Transcriptome sequencing and comparative analysis of adult ovary and testis identify potential gonadal maintenance-related genes in Mauremys reevesii with temperature-dependent sex determination

Ethical approval

Procedures involving animals and their care were approved by the Animal Care and Use Committee of Anhui Normal University (#20170612).

Sample collection and RNA extraction

Six adult turtles (3♂, 3♀) were cultivated under the same rearing conditions (i.e., maintenance in a room at temperatures of 10–30 °C) in the Provincial Key Laboratory for the Conservation and Exploitation Research of Biological Resources in Wuhu (31°33′N, 118°370′E, southeast of China) in 2017. The turtles were aged more than 6 years old in the sexual maturity stage, and the sexes of the samples were determined by dissection. Gonad samples (testicles and ovaries) were collected separately and dissected (Fig. 1). The gonad samples were flash frozen in liquid nitrogen and stored at −80 °C until RNA was extracted (Yin et al., 2016).

RNA was extracted from each sample with TRIzol reagent (Invitrogen, Carlsbad, CA, USA) according to the manufacturer’s instructions. To effectively remove the genomic DNA, we added RNase-free DNase I (Takara, Dalian, China) to the reaction mixture for at least 10 min. The extracted RNA was quantified with the Nanodrop system (Thermo, Wilmington, DE, USA) and the fragment size distribution were checked by 1.5% agarose gel electrophoresis. RNA from each sample was used for cDNA synthesis and sequencing.

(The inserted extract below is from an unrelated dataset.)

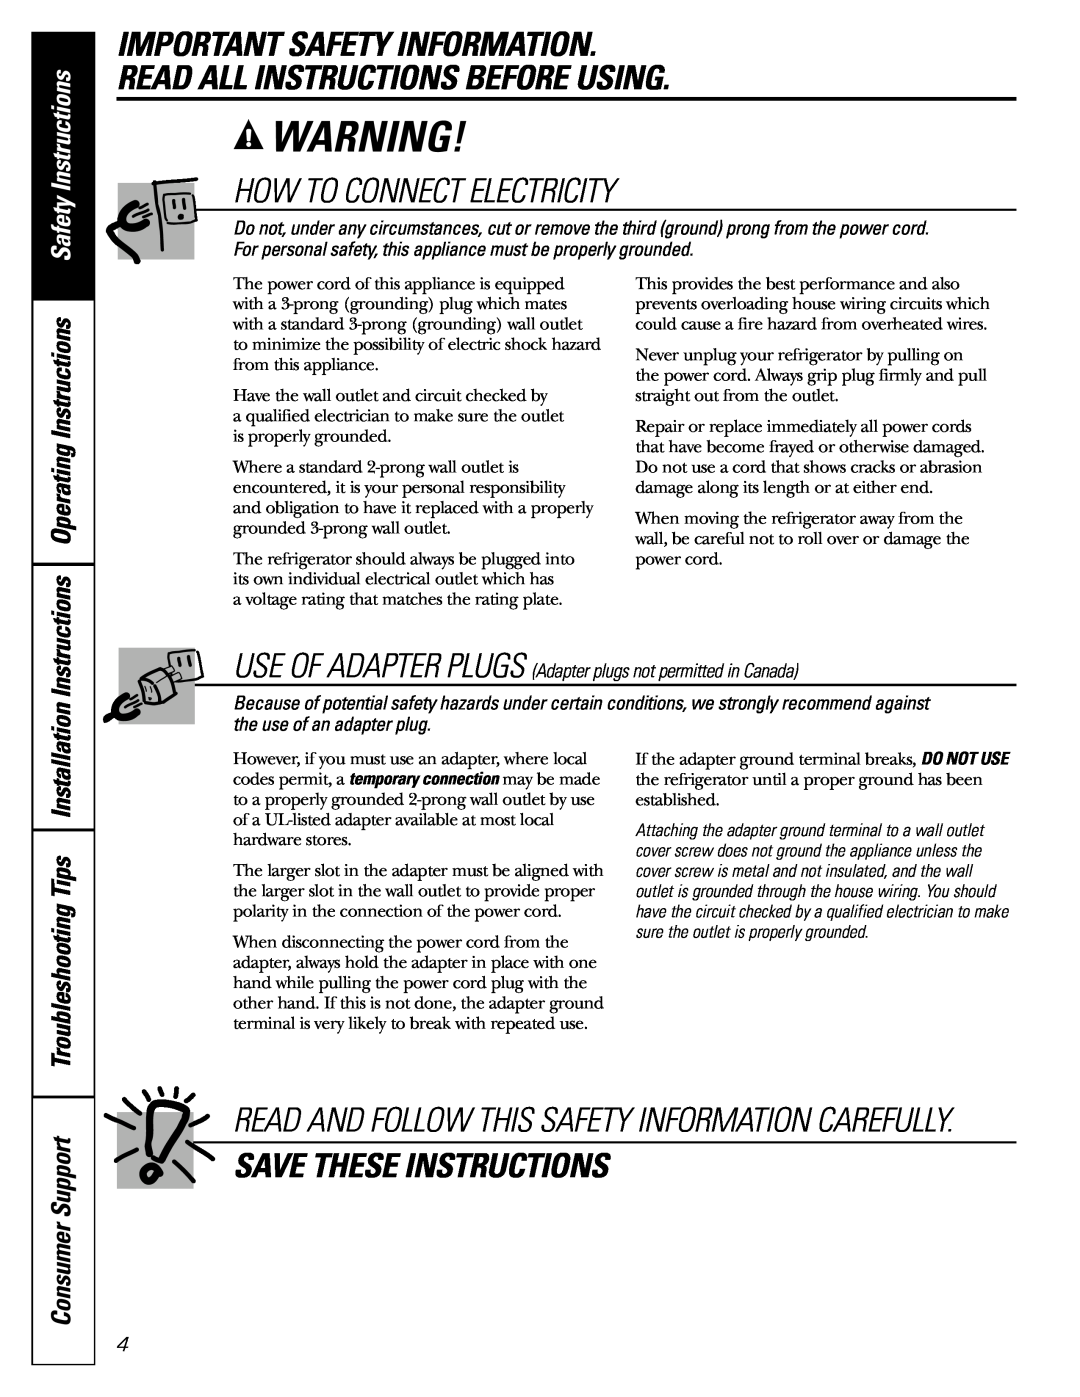 GE 18 How To Connect Electricity, Save These Instructions, Consumer Support, Instructions Operating Instructions

cDNA library construction and sequencing

We used 15 μg of total RNA for cDNA library construction using a TruSeq®RNA LT Sample Prep Kit v2 (Illumina, San Diego, CA, USA) according to the manufacturer’s protocol. Six cDNA libraries (3♂, 3♀) were constructed by performing end-repair, 3′-end adenylation, and adapter ligation and enrichment. Sequencing was performed using the Illumina Hiseq 2500 platform by Genergy Bio-technology Co. Ltd (Shanghai, China). All sequence reads have been deposited with the NCBI (GenBank accession No. SRP153785).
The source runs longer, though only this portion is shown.